Her life was going downhill but she managed to turn it around, putting aside alcohol, divorcing her spouse and finding contentment in the Orthodox faith. She changed her ideas about men and began to perceive the world in a positive way. A year later, she remarried and now has a good relationship with her husband; she tells me that she’s happy. We all have our own destiny, but we can change it if we act rather than complain.
Do you think that opposites work better within a marriage than like-minded souls? What prevents us from enjoying happiness with someone who thinks as we do, watches the same films, reads the same books and whom we understand immediately?

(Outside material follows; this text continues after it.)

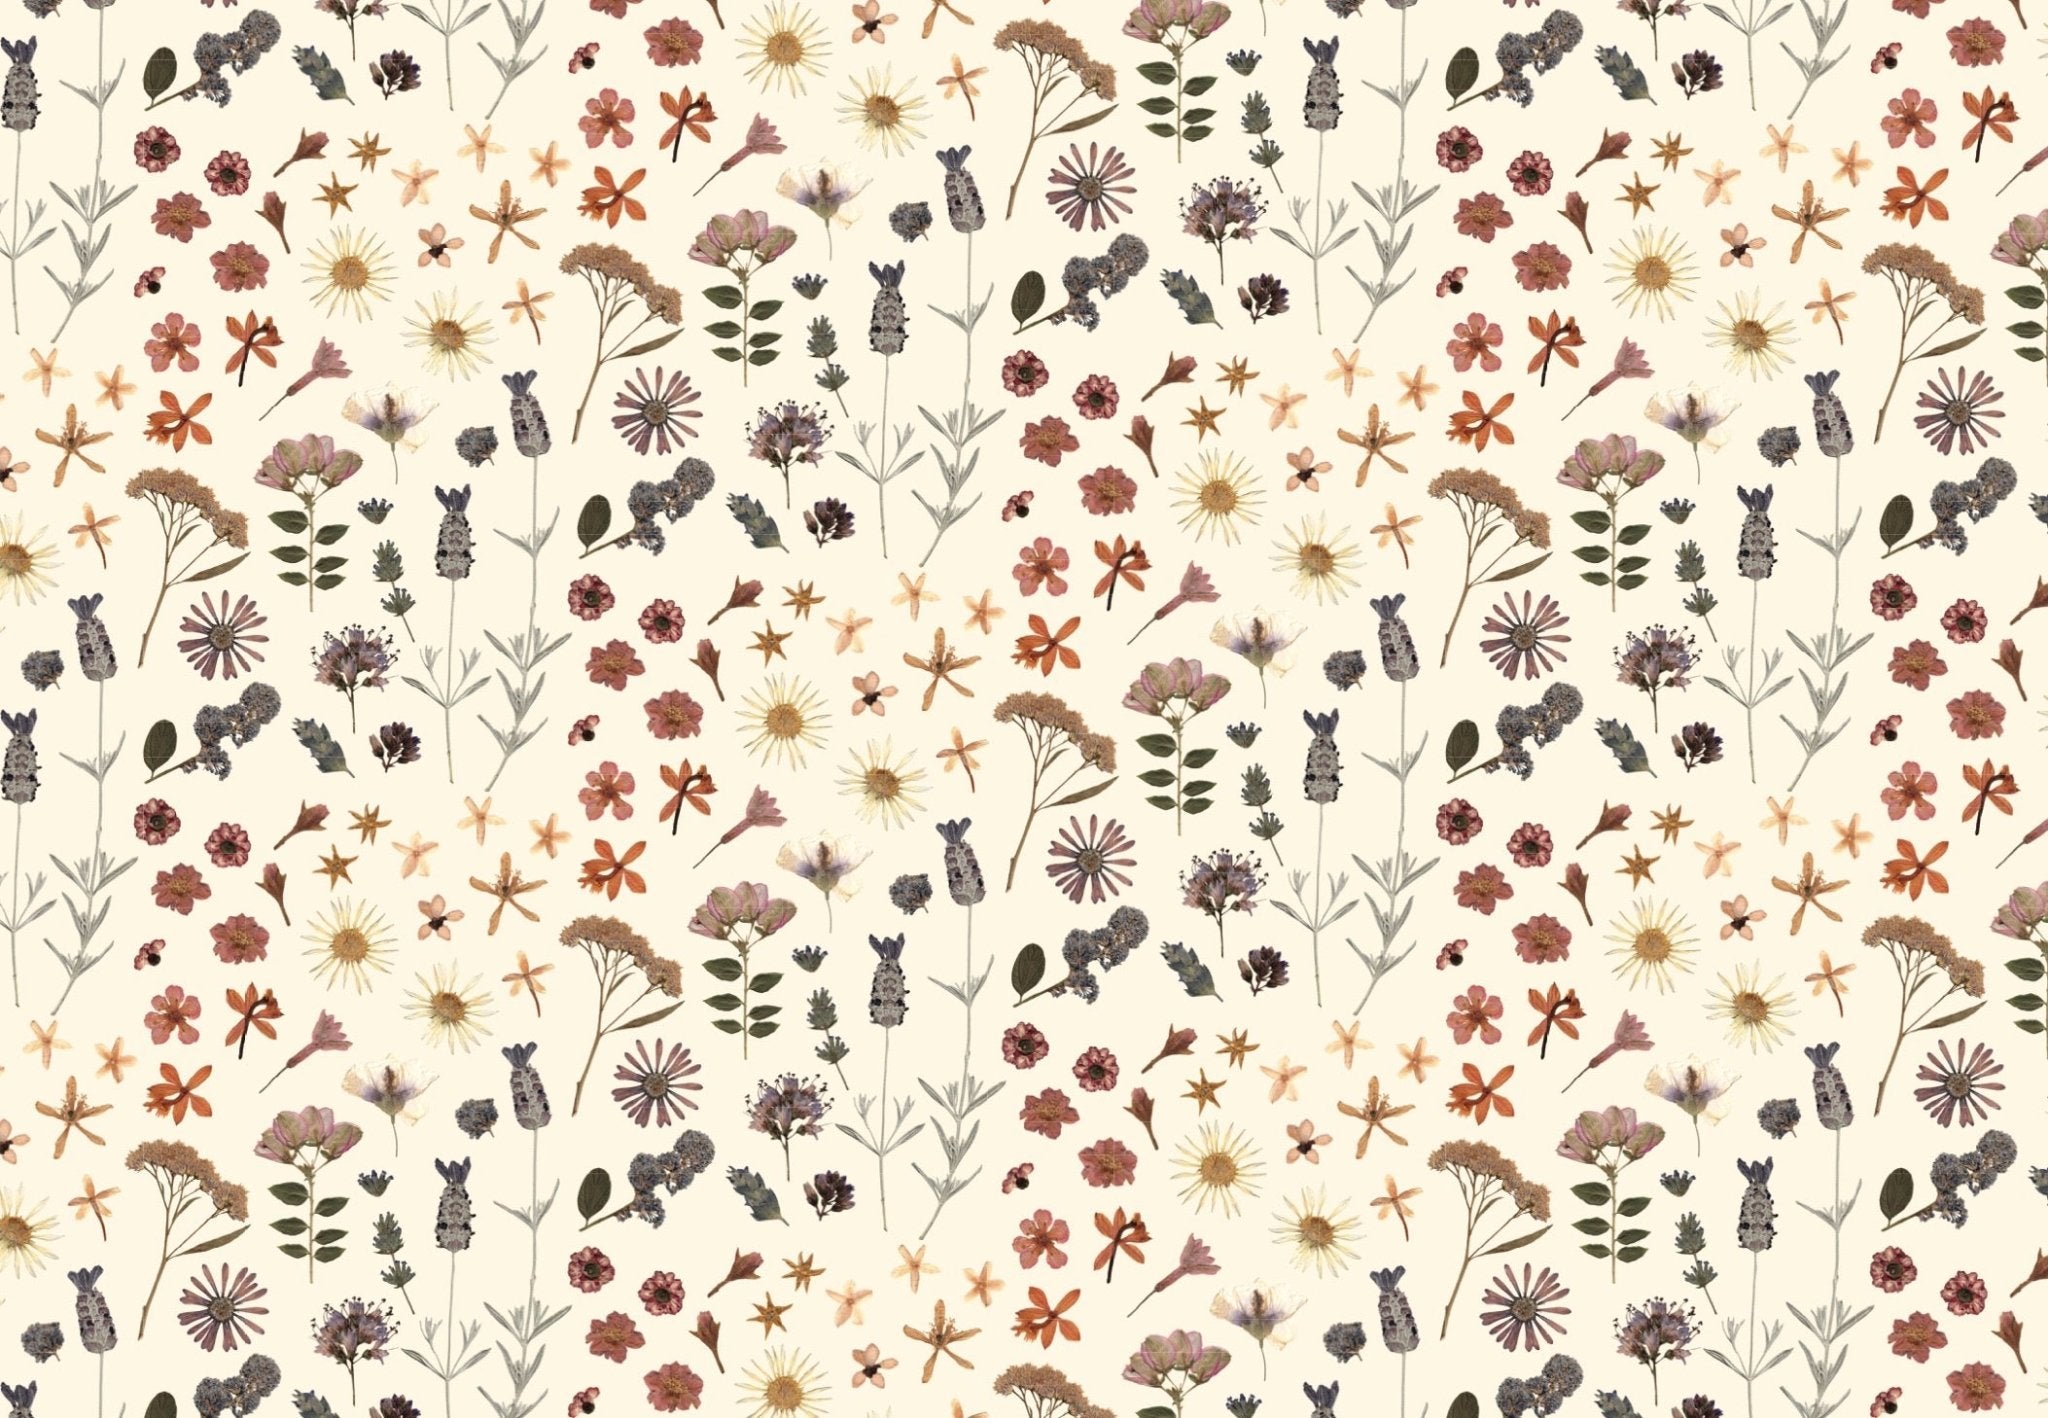 Adelfi gift wrap featuring a dried flower pattern scattered on a cream background.
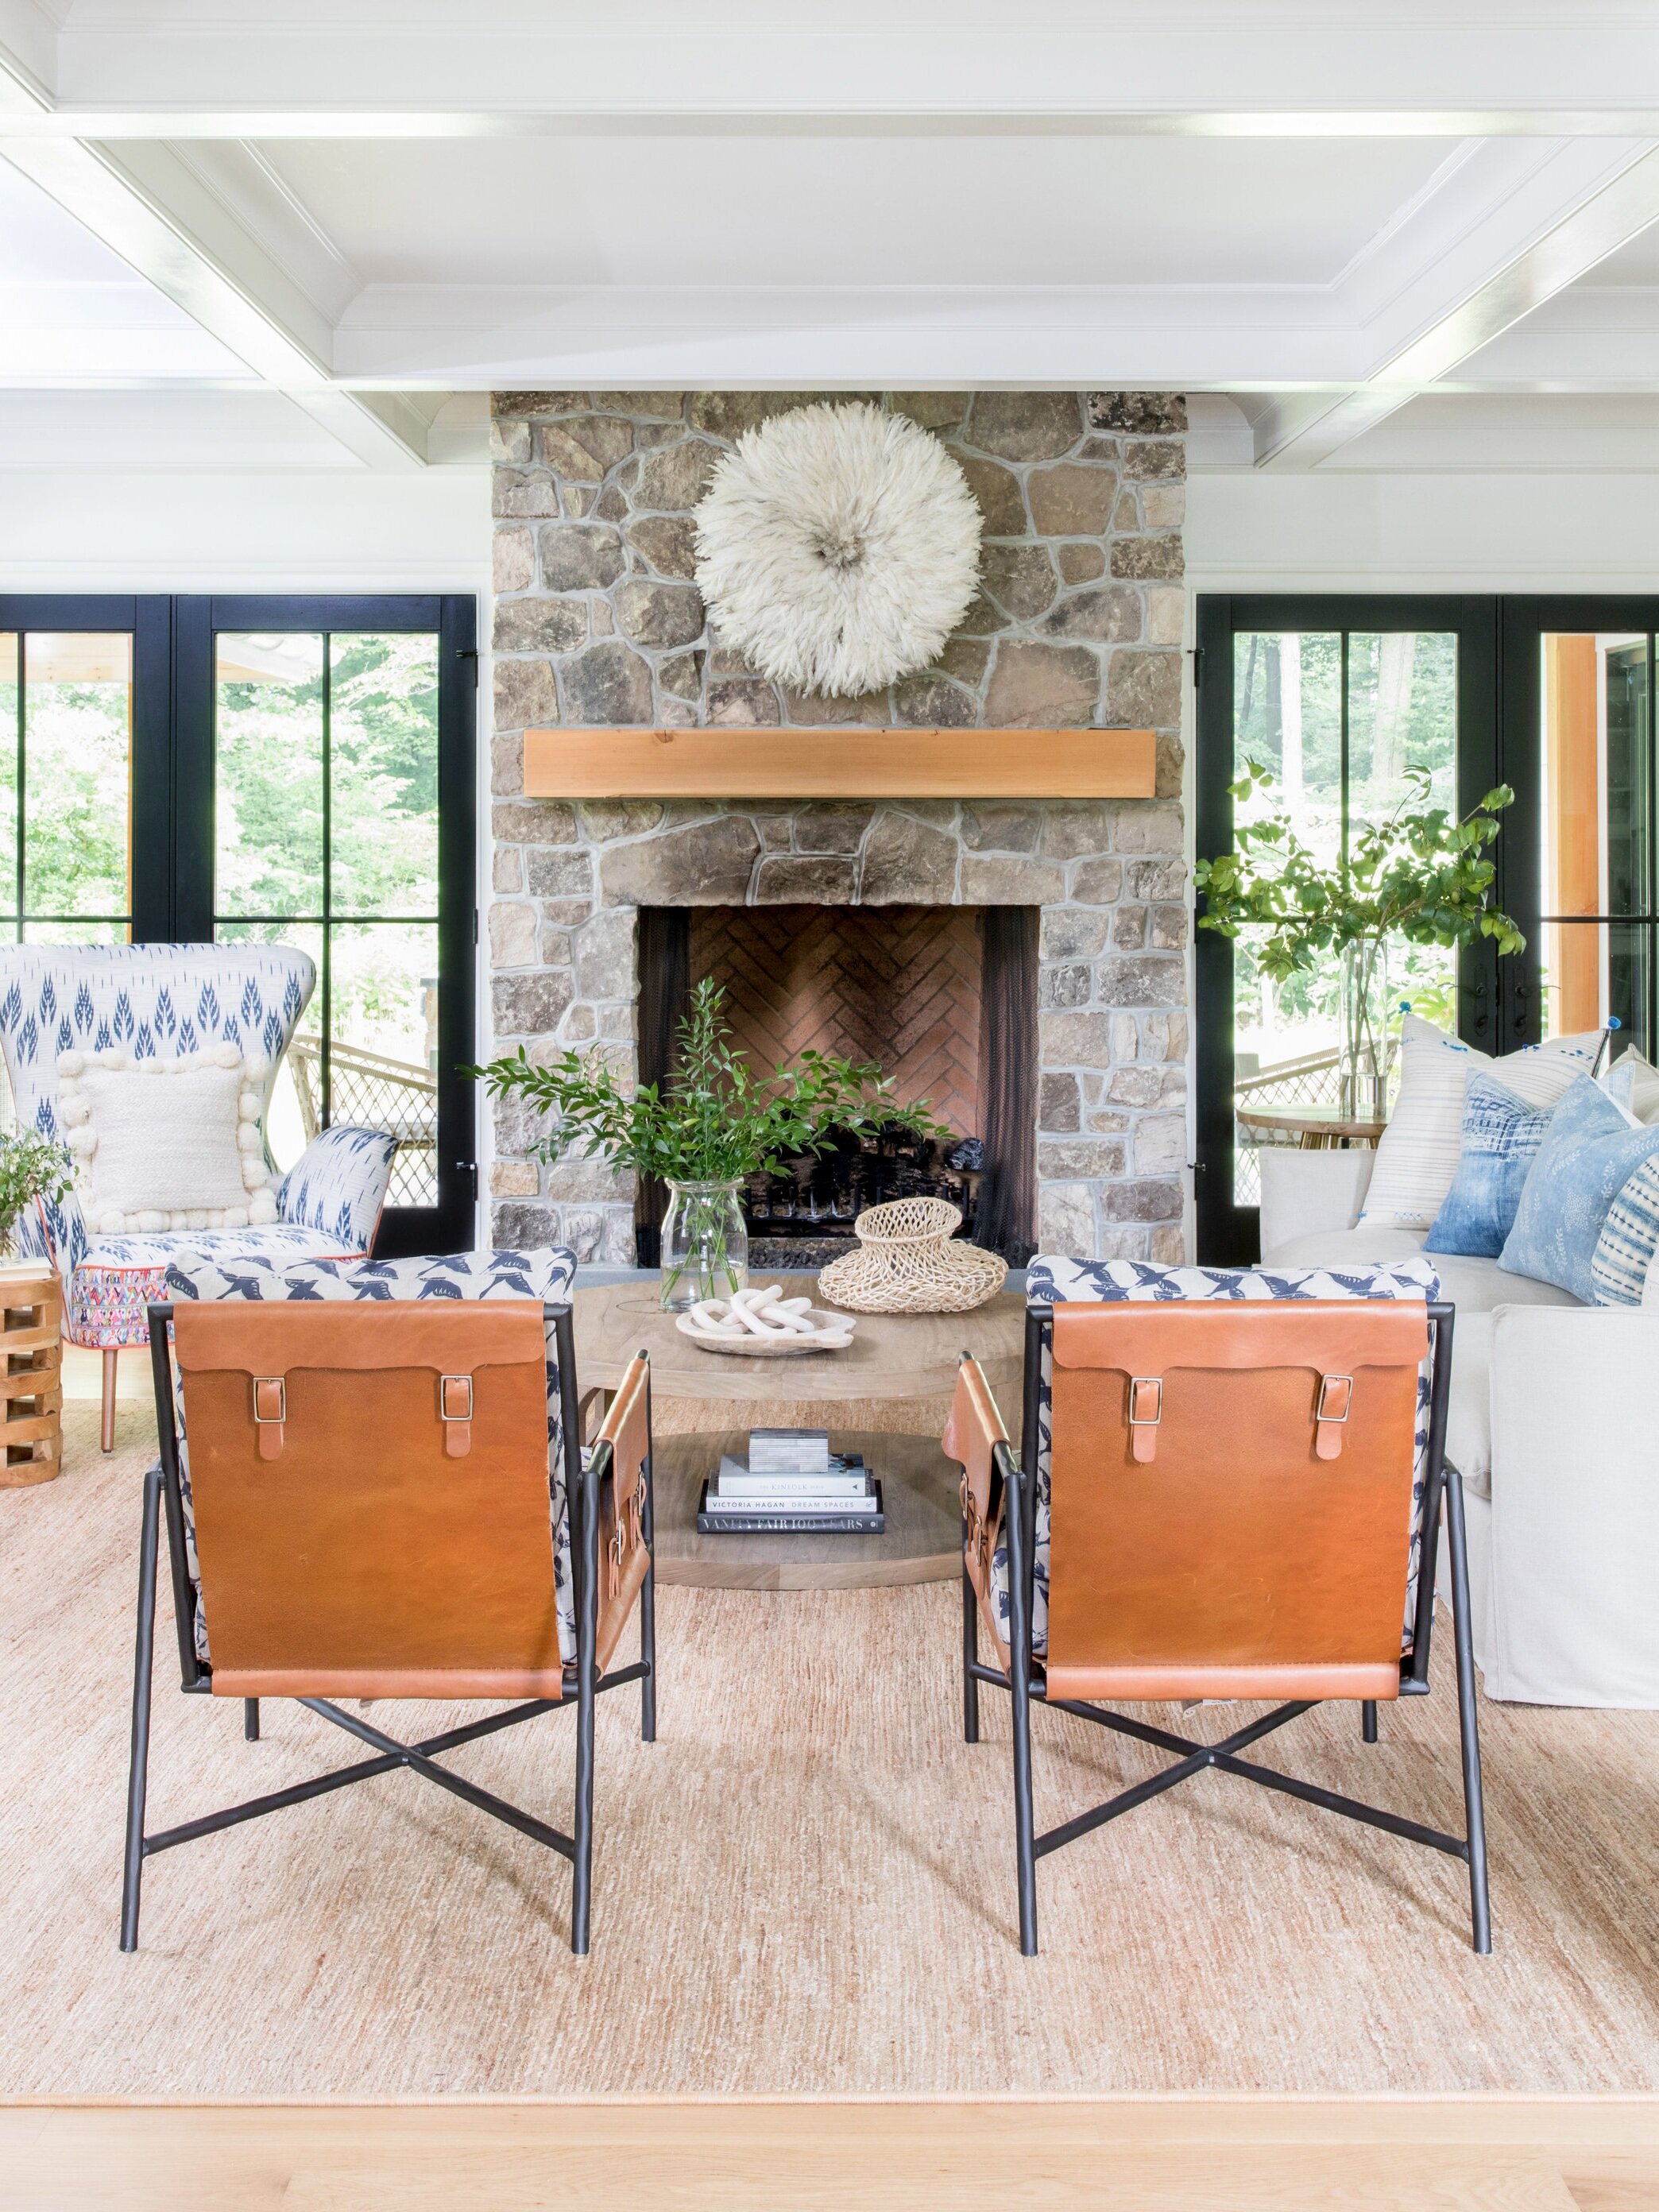 Stephanie+Kraus+Designs+Farmhouse+Family+Room+Stone+Fireplace+Leather+Chairs+Black+Windows+Coffered+Ceiling+Shiplap

Psychological compatibility has many paradoxes. As a rule, people prefer partners similar to themselves. For example, a strong-willed woman with a business mind will seek out the same kind of man: a ‘director’. However, their relationship would soon be likely to hit conflict, since she really needs a man who’ll let her ‘wear the trousers’. She needs him to spend time with the family. An attractive woman with a zest for life will be drawn to a similar man but they are unlikely to be a good match: spending too much money and perhaps not sharing the same interests. They might go on holiday together and return discontented. She really needs a sensible man with a level head but she’d probably view him as a ‘bore’.
In every family, one person needs to take the lead. One should save money, while the other spends. Contrasting personal qualities are important, but we also need similar intelligence levels, common interests and a coincidence of values. This ensures that we have something to talk about and can agree in our opinions of the world.